In case of Chubby the "session lease" is between the clients and the master. The clients and the masters use KeepAlive messages to refresh the lease's "TTL". But my understanding is, that clients of etcd are not the same as clients of Chubby, at least I cannot see the similarity. I mean, the mechanism how the etcd lease TTL is refreshed is different from how the Chubby session lease TTL is refreshed. And actually even the creation of an etcd lease is different from that in case of Chubby. Is it so, that in etcd core there is a Chubby implementation, and around that there is wrapper layer, that translates etcd REST API to Chubby calls?
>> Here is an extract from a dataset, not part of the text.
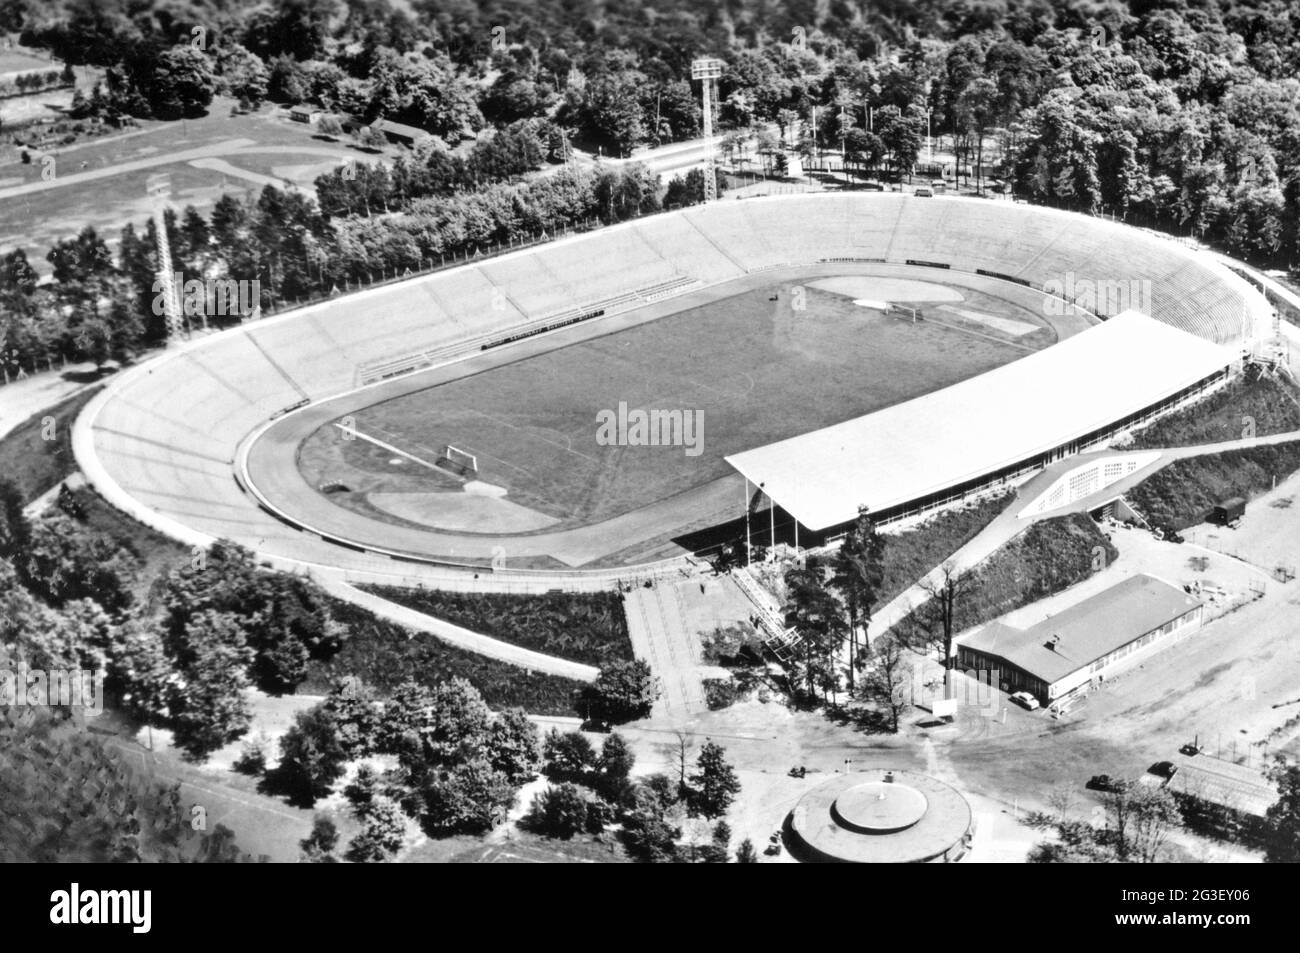 geography / travel historic, Germany, cities and communities, Karlsruhe, sports, Wildparkstadion, ADDITIONAL-RIGHTS-CLEARANCE-INFO-NOT-AVAILABLE Stock Photo

And inside etcd you use e.g. the Chubby KeepAlive mechanism as it is described in the paper?

Excuse me for the questions, but I like understanding things in depth, so I can understand the why's in the design. Thank you!

xiang90 commented 8 years ago

@janosi Short answer is:

chubby ties the session to each client. So it has one to one mapping between a client to a session.

In etcd, we remove this limitation. Lease is a logic object. One client can maintain multiple leases, a lease can be maintained by multiple clients.

I will answer other chubby related questions later on.

xiang90 commented 8 years ago

There are some hints about "ephemeral nodes", but it is also mentioned that their usage is very low in real life. While the usage of Chubby as name service is pretty heavy. I cannot find the link, how the failure of a client is propagated to others if ephemeral nodes are not used anyway.

Watching on ephemeral node is the way to discover client failures. You can proxy all read requests through proxies. So watching might not be that heavy.

I mean, the mechanism how the etcd lease TTL is refreshed is different from how the Chubby session lease TTL is refreshed. And actually even the creation of an etcd lease is different from that in case of Chubby. Is it so, that in etcd core there is a Chubby implementation, and around that there is wrapper layer, that translates etcd REST API to Chubby calls? And inside etcd you use e.g. the Chubby KeepAlive mechanism as it is described in the paper?

Chubby client has internal mechanism to create, revoke, and keepalive a lease. As I mentioned, each Chubby client keeps one lease, and expose it as a concept as session. etcd is more flexible than that. Each clients can have multiple leases with different keys attached. Same leases might maintain by different clients. If you want to use chubby style session in etcd, you can use clientv3/concurrency/session.

But overall, etcd and chubby are similar in a way to keep the "lease" alive.

I think we can close this issue for now.